**What the task requires**
Lines from the one with "喜報|武漢康樂藥業股份有限公司成功獲批湖北省企業技術中心!" to the end of the material, both included: print them exactly and print nothing else. Omit the pictures.

**Data provided**
****************

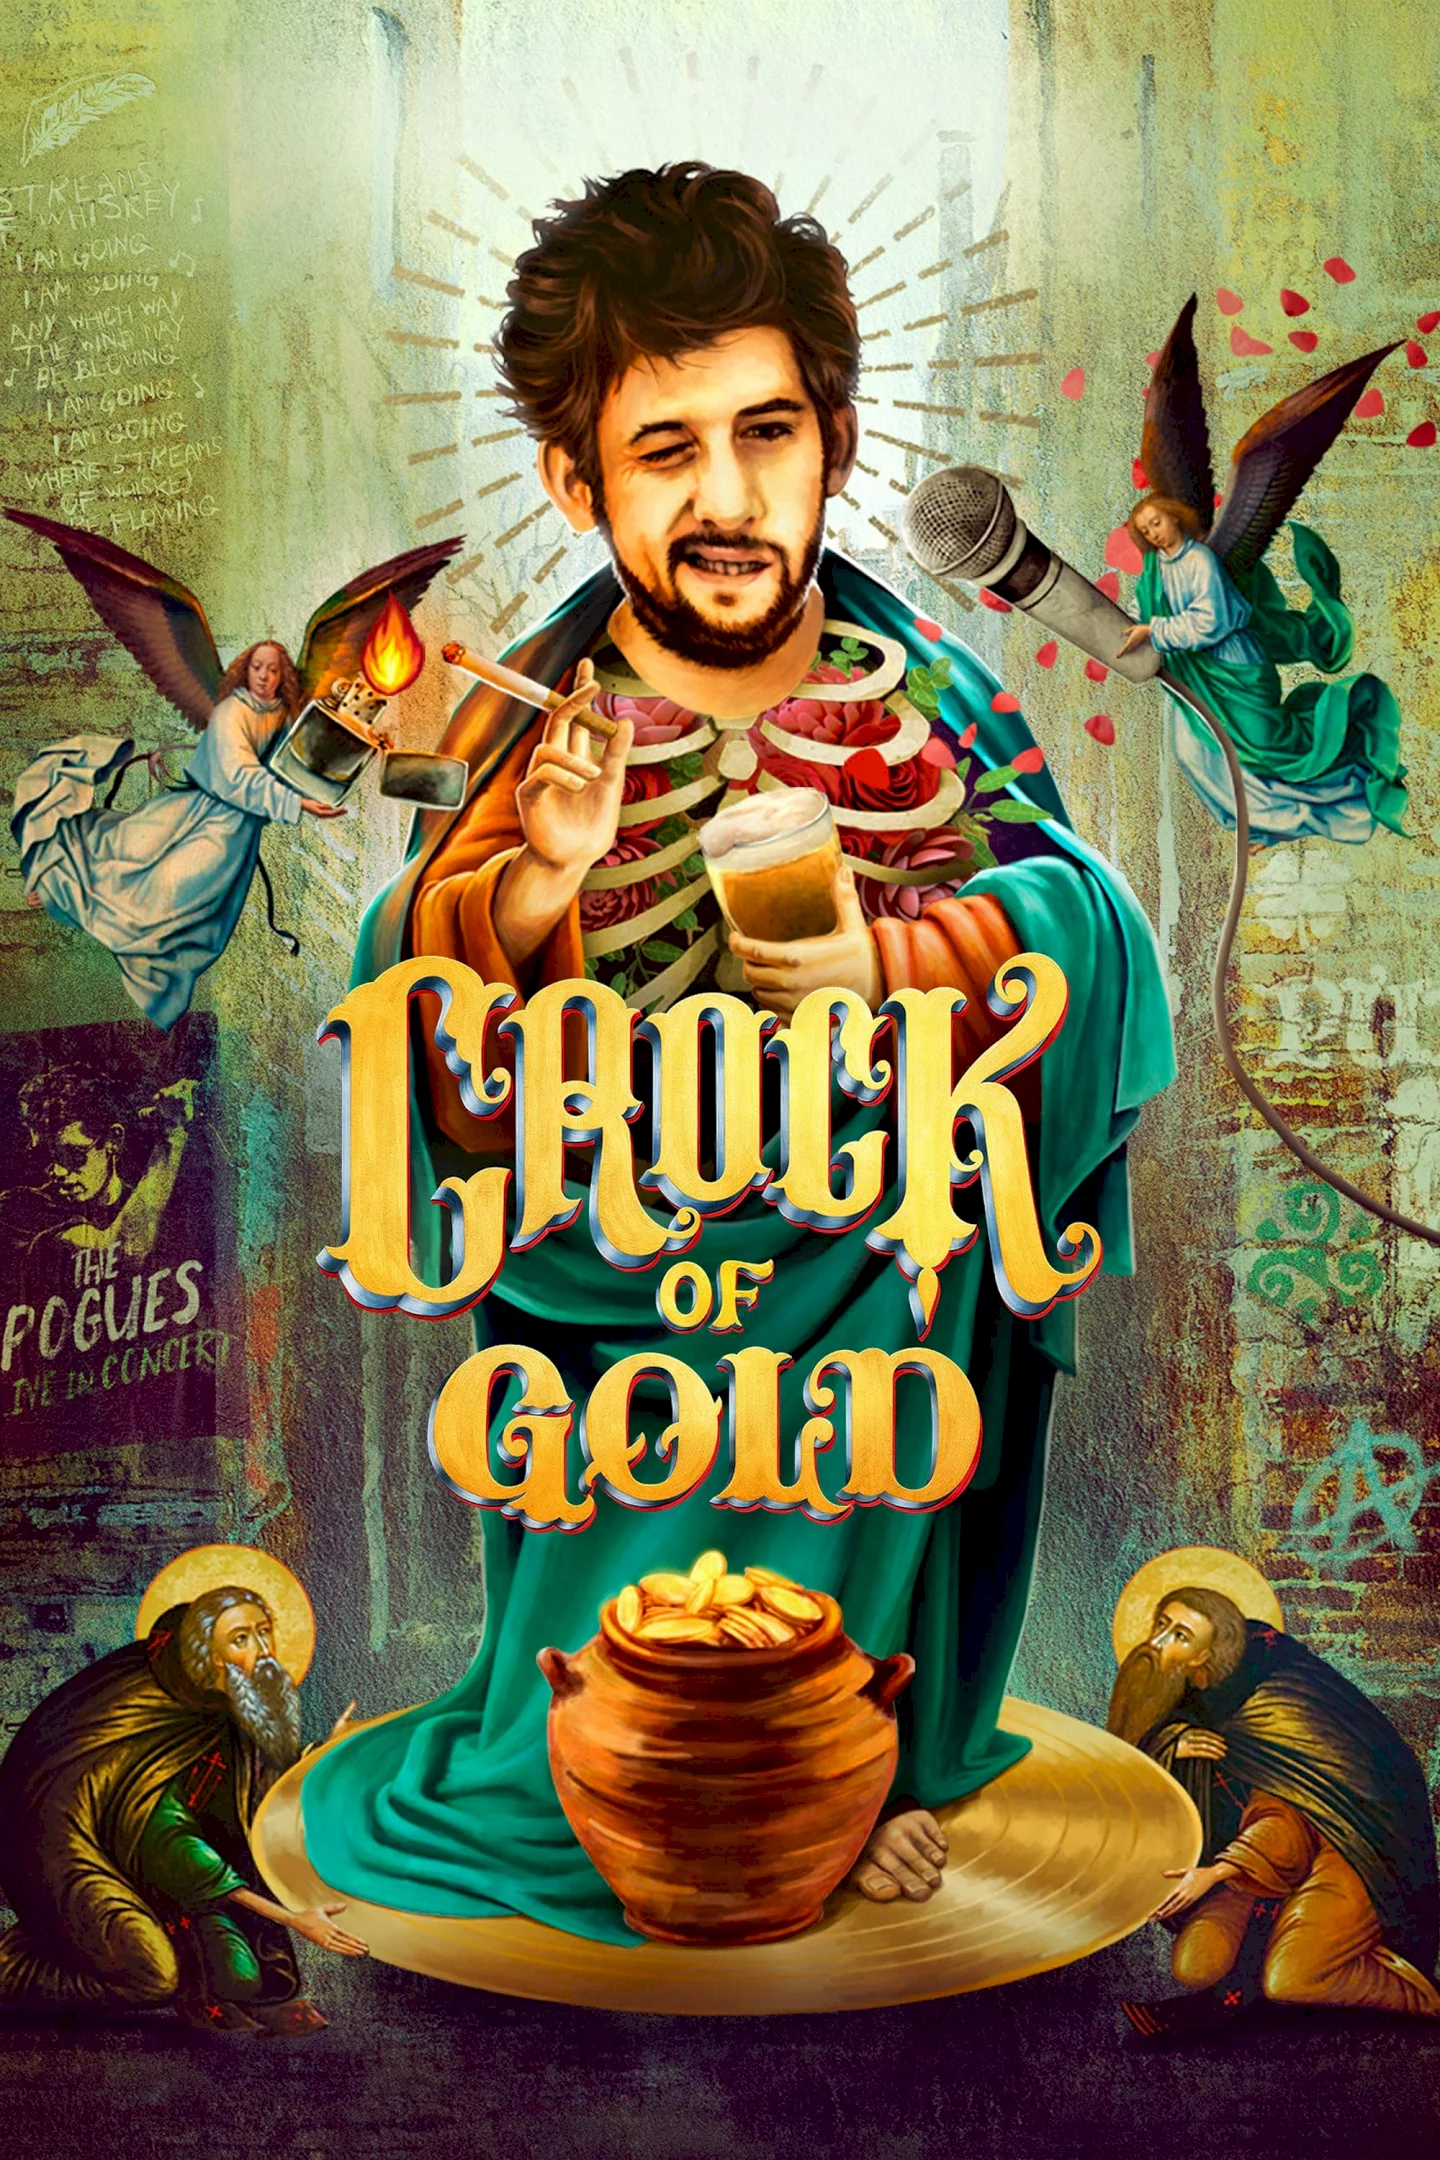 Photo du film : Crock of Gold
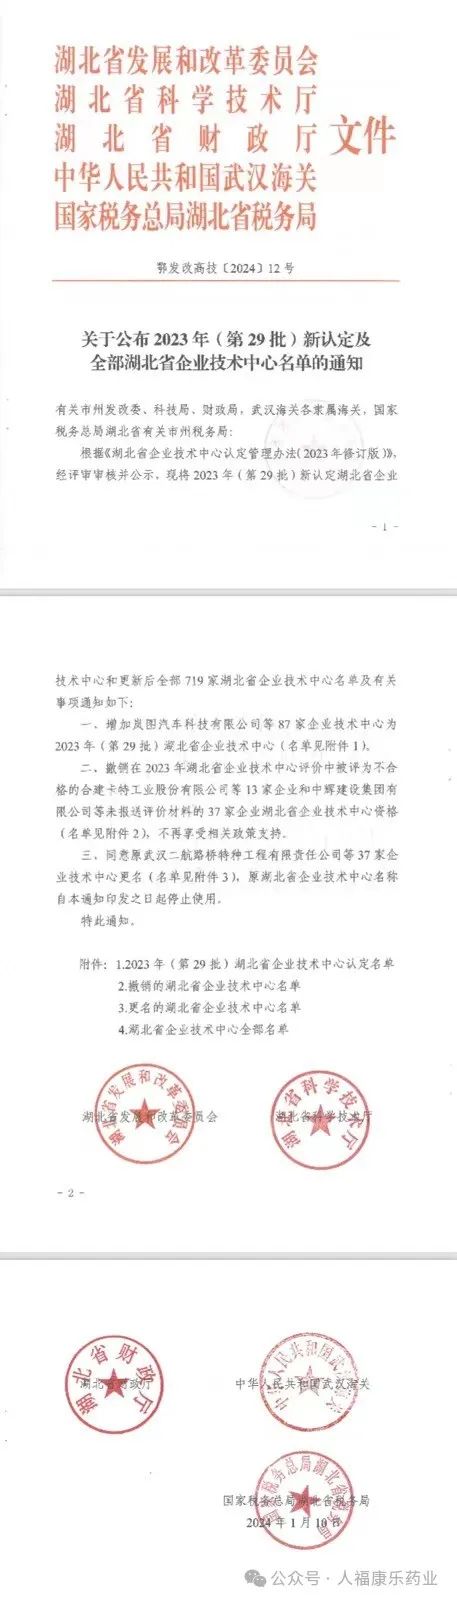 喜報|武漢康樂藥業股份有限公司成功獲批湖北省企業技術中心!
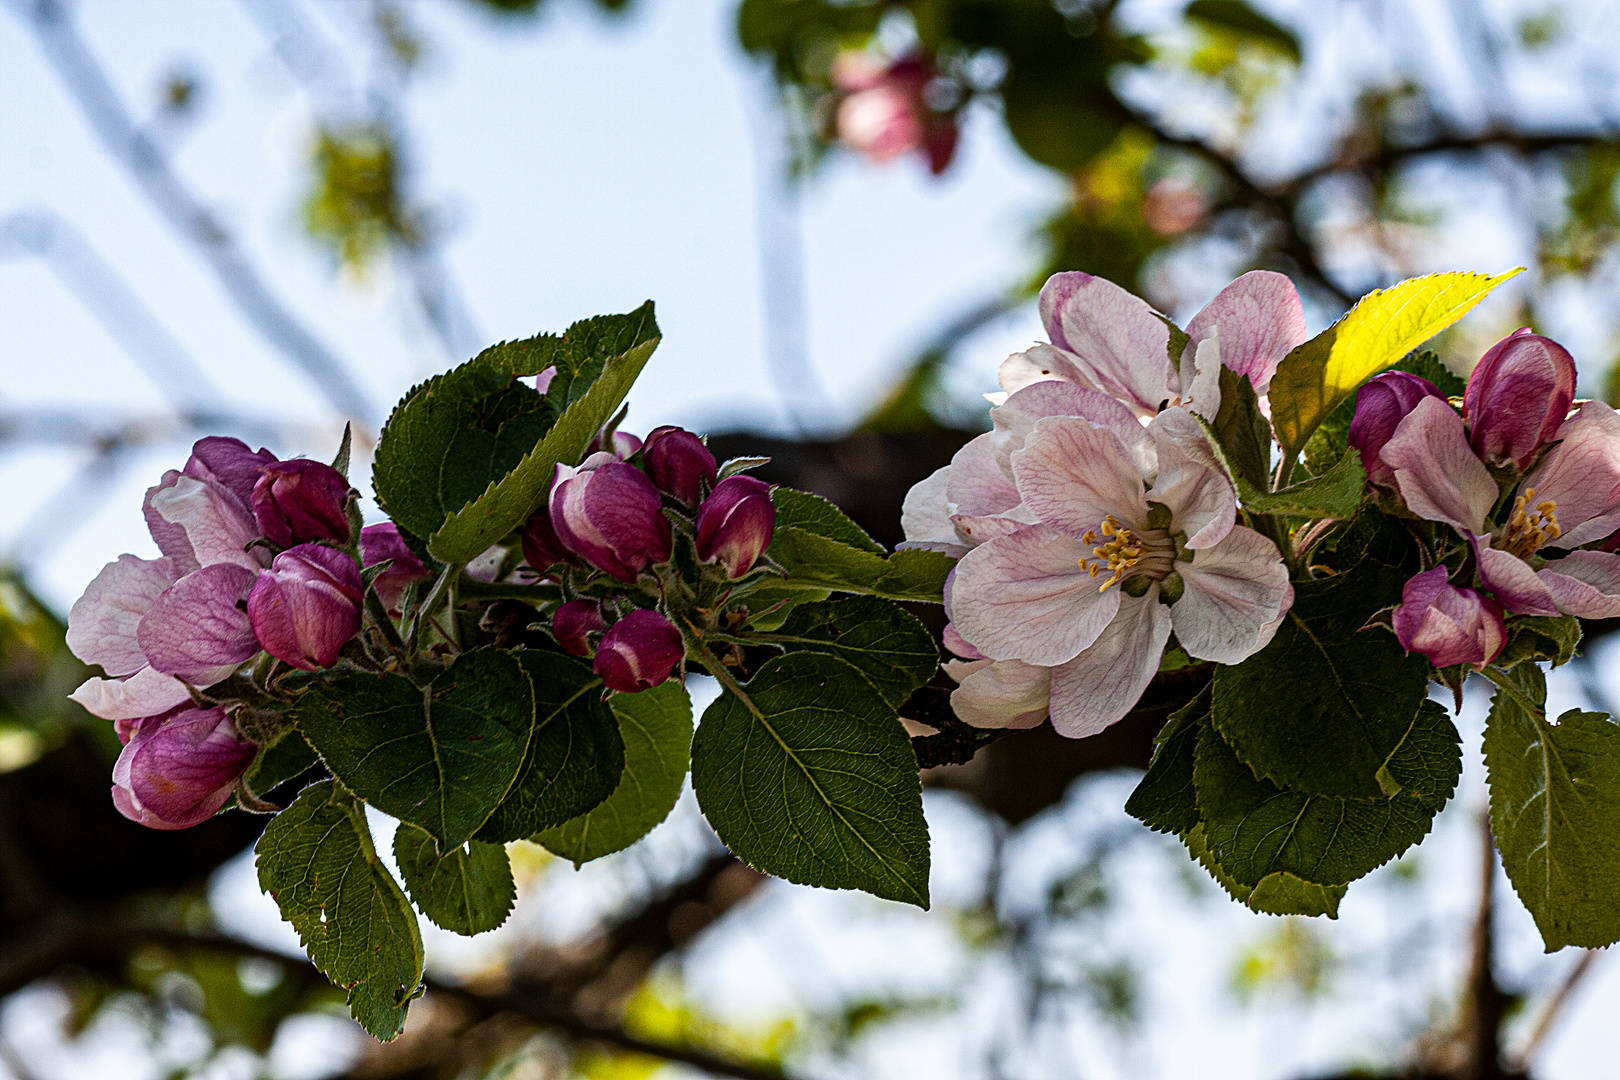 Tecklenburger Apfelblüte - einfach paradiesisch!

****************

**Solution to this exercise**
 喜報|武漢康樂藥業股份有限公司成功獲批湖北省企業技術中心!
 Tecklenburger Apfelblüte - einfach paradiesisch!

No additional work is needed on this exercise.